Gender identity and sexual orientation

The assumption of this article is that the presenting complaint is not gender dysphoria and that the patient is not wishing to initiate the process of gender transition. However, a patient may report confusion about sexual identity and/or orientation as part of a condition such as emotionally unstable personality disorder or autism spectrum disorder (World Health Organization 1992; Kaltiala-Heino Reference Kaltiala-Heino, Sumia and Työläjärvi2015). In such cases, it is reasonable to expect the clinician to be capable of taking a basic history of the patient's narrative about their gender identity across their lifetime.

If the patient has gender dysphoria or presents as gender non-conforming or gender non-binary (Box 1) in their social interactions it is also important that the assessing doctor checks the patient's preference regarding their name, gender identity and pronouns to be used in any clinical encounter. This may be something that is evident from the outset or something deeply private to the individual, but it should engender the same politeness and respect a doctor offers any patient.
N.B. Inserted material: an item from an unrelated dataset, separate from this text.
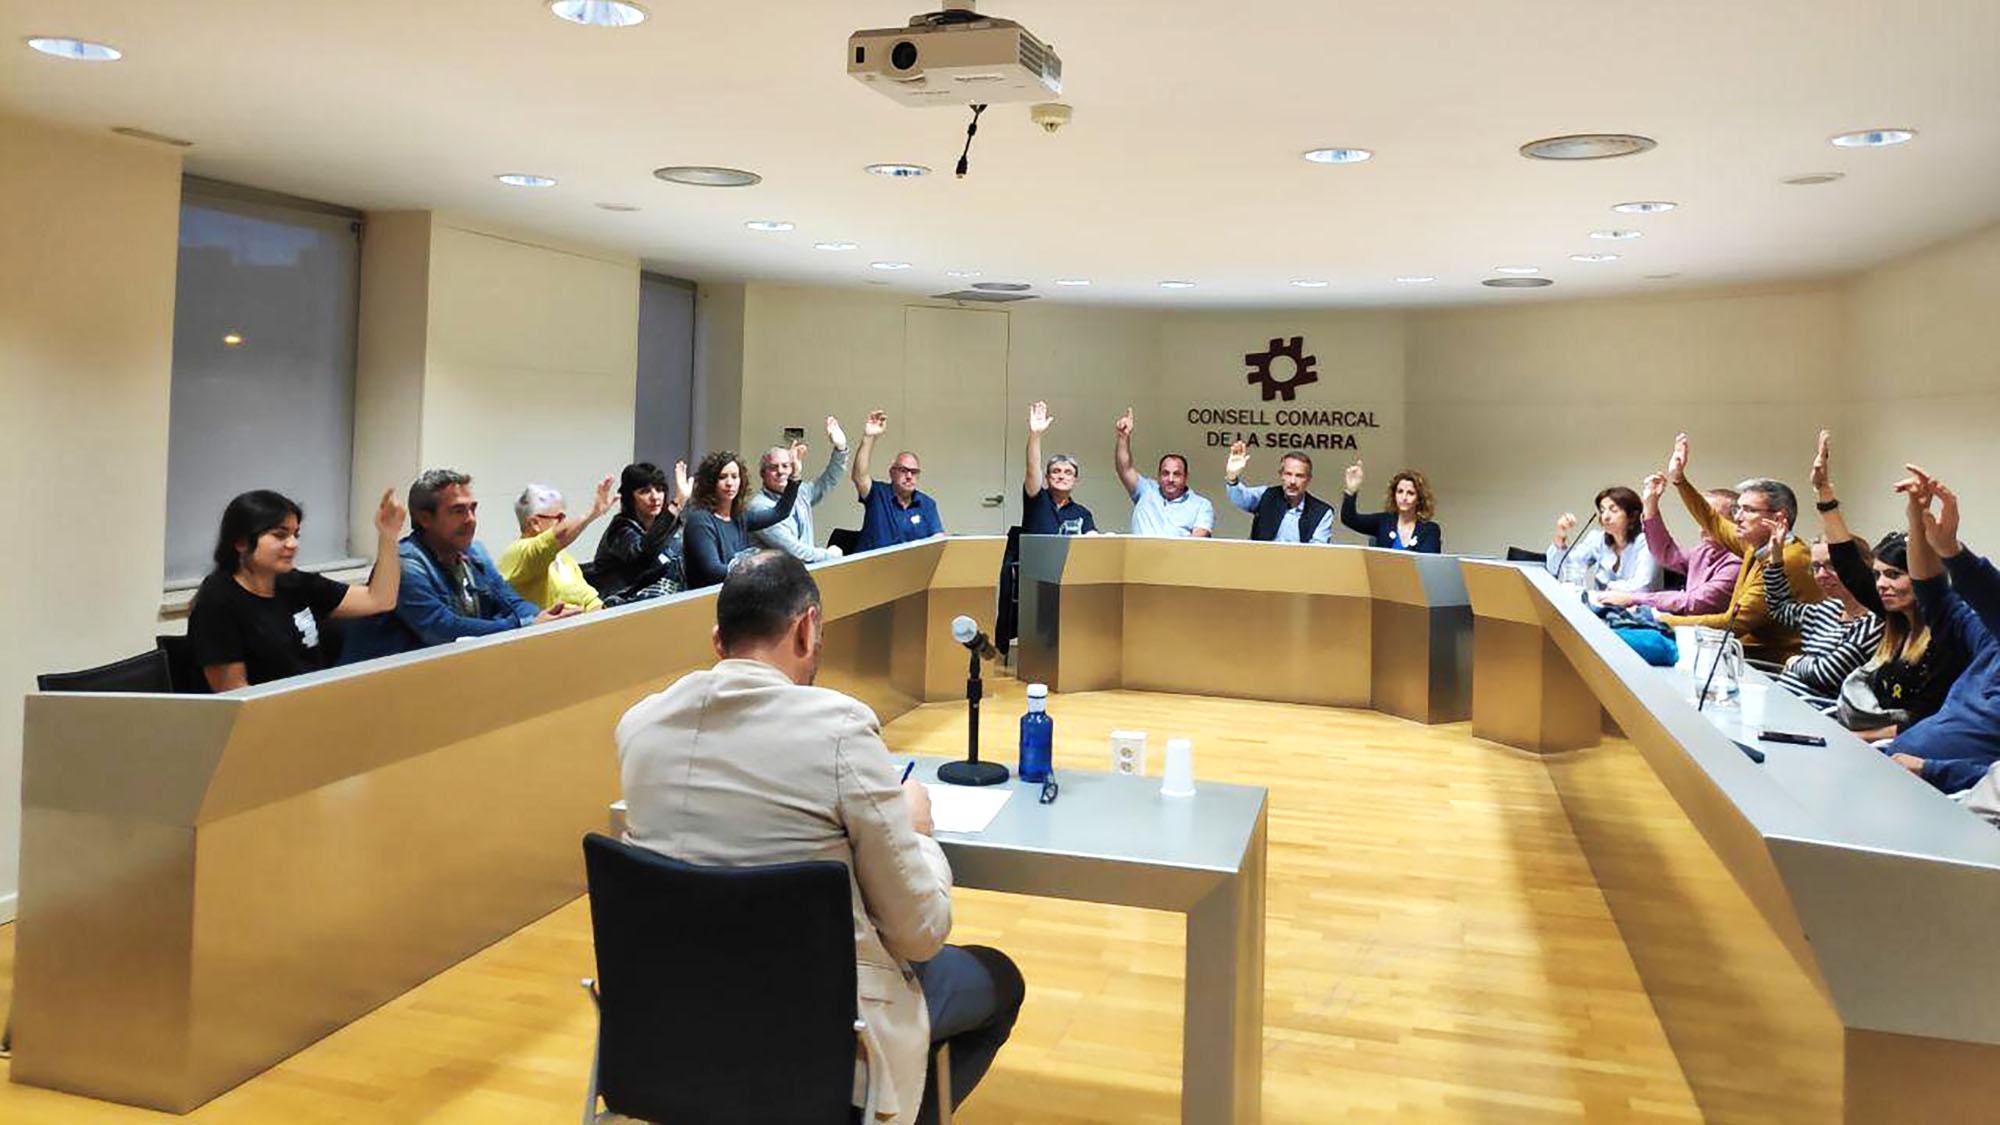 El Consell Comarcal Segarra aprova la moció contra la Sentència del Procés

Complications may arise if a patient has (legally or otherwise) changed their name and/or gender from the name and sex indicated in their medical records and is unhappy that records remain under their original name and biological sex. In the UK, National Health Service trust and board policies can vary widely on what to do in such instances. It is usually (but not always) acceptable for the clinician to advise the patient that they will record the interaction using the individual's current preferred name and identity within the clinical record, possibly with an introductory note advising colleagues how to address the patient during future interactions.

Sexual history

As can be seen from the list below, a sexual history can encompass a very wide area indeed. However, it should be tailored to fit the patient. It might be appropriate to consider the biological sex and presented gender as part of the reason for the assessment. In assessing a patient complaining of loss of libido occurring after starting an SSRI, it might be appropriate to focus only on sexual habits. For a homosexual male presenting in a manic state, it may be dangerous not to ask about risky sexual behaviours such as participating in chemsex with multiple partners (Box 1). The risks associated with chemsex arise both from the practising of unsafe sex – for example, sexually transmitted infections (STIs), sexual assault and rape, physical assault and robbery – and from the drugs taken, which include methamphetamine (crystal meth) and γ-hydroxybutyrate (GHB) (McCall Reference McCall, Adams and Mason2015).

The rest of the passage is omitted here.